— Привет.
— Здравствуй, солнце, — я взяла в свободную руку кисть, чтобы хоть чем-то занять себя. — Как ты? — осторожно спросила, хотя сам вопрос уже звучал крайне убого. Как? Как? Ну, очевидно же, что Алине сейчас очень плохо.
— Ужасно, — она тяжело вздохнула и рвано всхлипнула.
— Мне очень жаль. Я бы очень сильно хотела тебя помочь, но не знаю, как.
— Пожалуйста, не нужно, — голос Алины сорвался, и она расплакалась. Уж очень мерзко и больно было осознавать то, что ты бессильна перед горем родного человека.
— Прости-прости, — пролепетала я, сильней сжав в руке телефон. — Я не должна была тебе всего этого говорить. Просто… Просто не знаю, как стоит себя правильно вести. Господи, что я несу?
— Всё хорошо, — чуть-чуть успокоившись, выдавила из себя сестра. — Правда. Я ценю то, что ты мне позвонила.
— Ты хотя бы дома?
— Да, уже да.
— Гриша сейчас с тобой?
— Конечно. Ни на шаг от меня теперь не отходит. Сам волнуется. Бледный.
— Хорошо, что вы есть друг у друга. Это сейчас самое главное. Вам нужна поддержка.
— Он у меня самый замечательный, — я слышала и чувствовала, что Алина находилась на грани. Она всегда была человеком стойким и то, что сейчас в такой ужасный момент ей удавалось хотя бы на пару минут взять себя в руки, уже говорило о многом.
— Если тебе потребуется хоть какая-нибудь помощь, обязательно звони мне, слышишь? Я и Герман всегда вам поможем, только не стесняйся и говори, хорошо?
— Конечно, спасибо, Арин. Спасибо за то, что позвонила. Мне нужно идти, позже созвонимся.
— Хорошо. Отдыхай, дорогая. Я люблю тебя и крепко-крепко обнимаю.

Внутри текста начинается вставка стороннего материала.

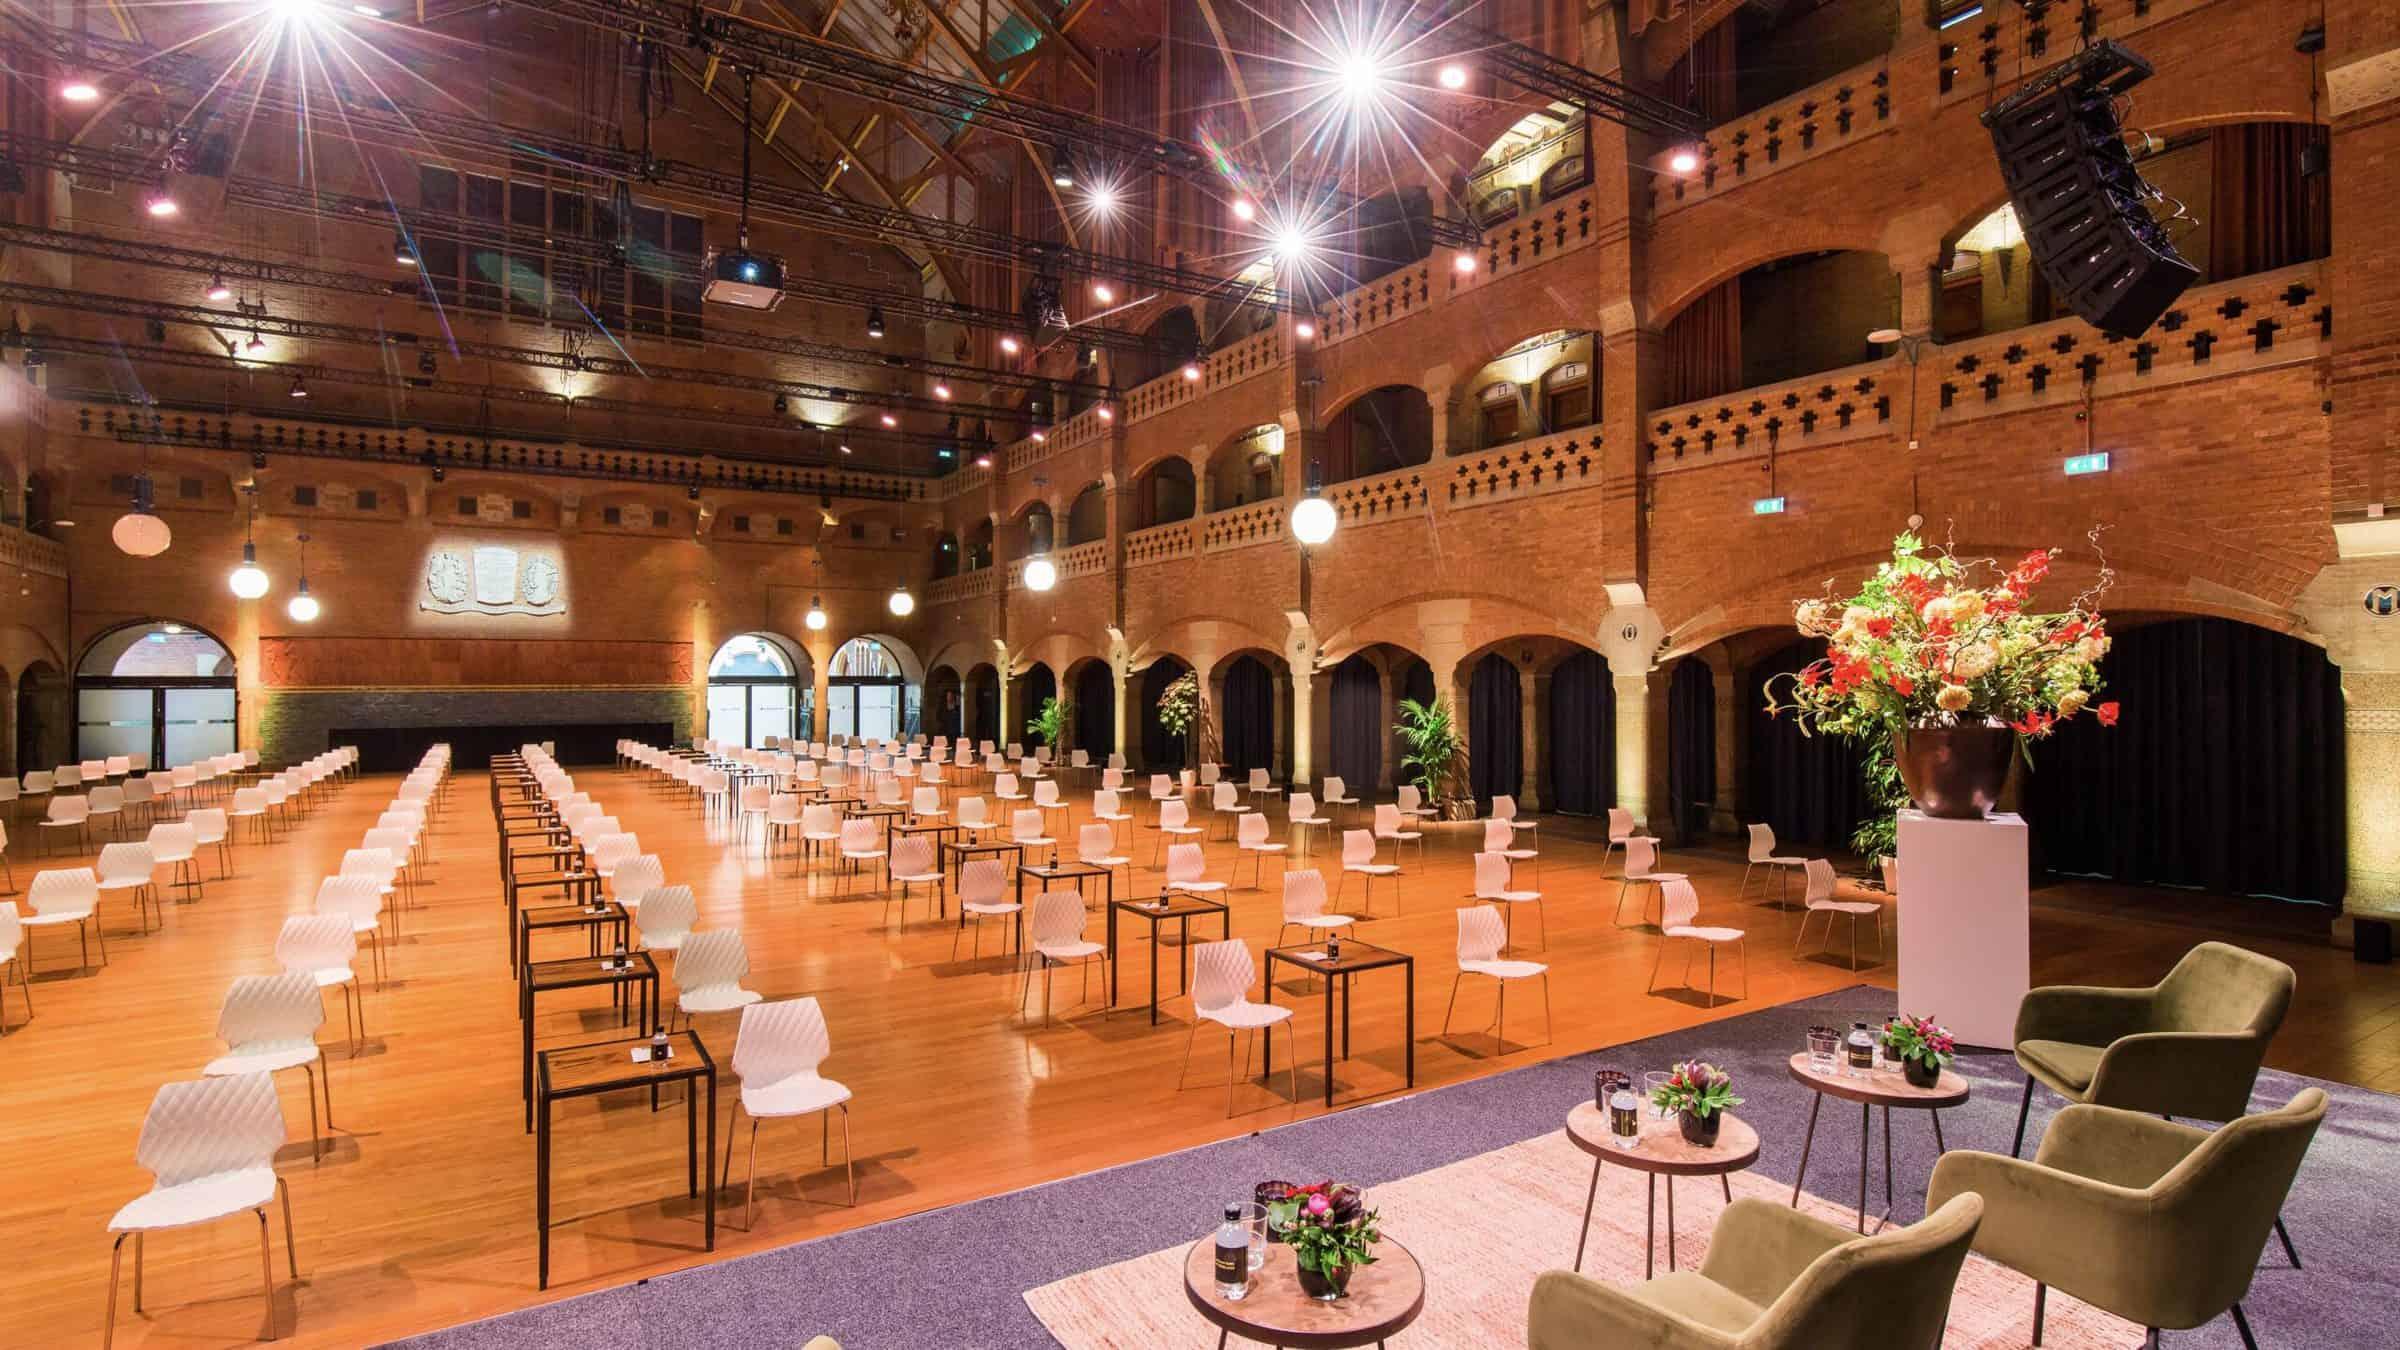 Beurs van Berlage grote zaal die coronaproof is ingericht voor een congres

Я не стала напирать на сестру, понимая, что ей сейчас совсем не до длинных и бестолковых разговоров. Главное, что мне удалось ей сказать, что она не одна и рядом с ней есть те люди, которые всегда готовы прийти на помощь.
Пусть наш разговор и не был долгим, но быстро и легко абстрагироваться от него у меня не получилось. Дело здесь было не в беременности, гормонах и скачках в настроении. Я сама по себе многие вещи и ситуации принимала слишком близко к сердцу. Работать нормально не получалось из-за проблемы с Алиной. Понимаю, что перемалывать в мыслях одно и то же — не выход, только себе хуже сделаю, но переключить внимание на что-нибудь другое не получалось.
Я не хотела ничего говорить Герману по поводу своего звонка сестре, но неожиданно разболевшаяся голова всё испортила. Вроде бы ничего особенного в этом не было, но голова болела настолько сильно, что перед глазами начали мелькать и пульсировать белые пятна. О работе над картиной, конечно же, можно было смело забыть. Несмотря на все мои уговоры, горничная помогла мне лечь в кровать и немедленно позвонила Герману, а затем и доктору.
К обеду мне стало значительно легче и повода для переполоха я не видела. Врач сказал, что у меня просто мигрень, поэтому в ближайшие несколько дней мне не стоит напрягать зрение, нервничать. Так и хотелось сказать, что я всего лишь беременная, а не больная женщина, которой нужно постоянно лежать, не шевелиться и радоваться всему подряд. Но кто меня станет слушать?
Герман вернулся домой раньше, чем обычно и первым же делом зашел ко мне. Хватило одного его взгляда, чтобы понять — он крайне недоволен.
— Как сейчас чувствуешь себя? — Герман поставил свой кожаный портфель на мой туалетный столик.
— Хорошо, — я ободряюще улыбнулась.
— Врач сказал, что у тебя мигрень.
— Да, но всё уже в порядке.
— И с чем это может быть связано? Не знаешь? — Герман снял пиджак и расстегнул манжеты на своей бледно-голубой рубашке.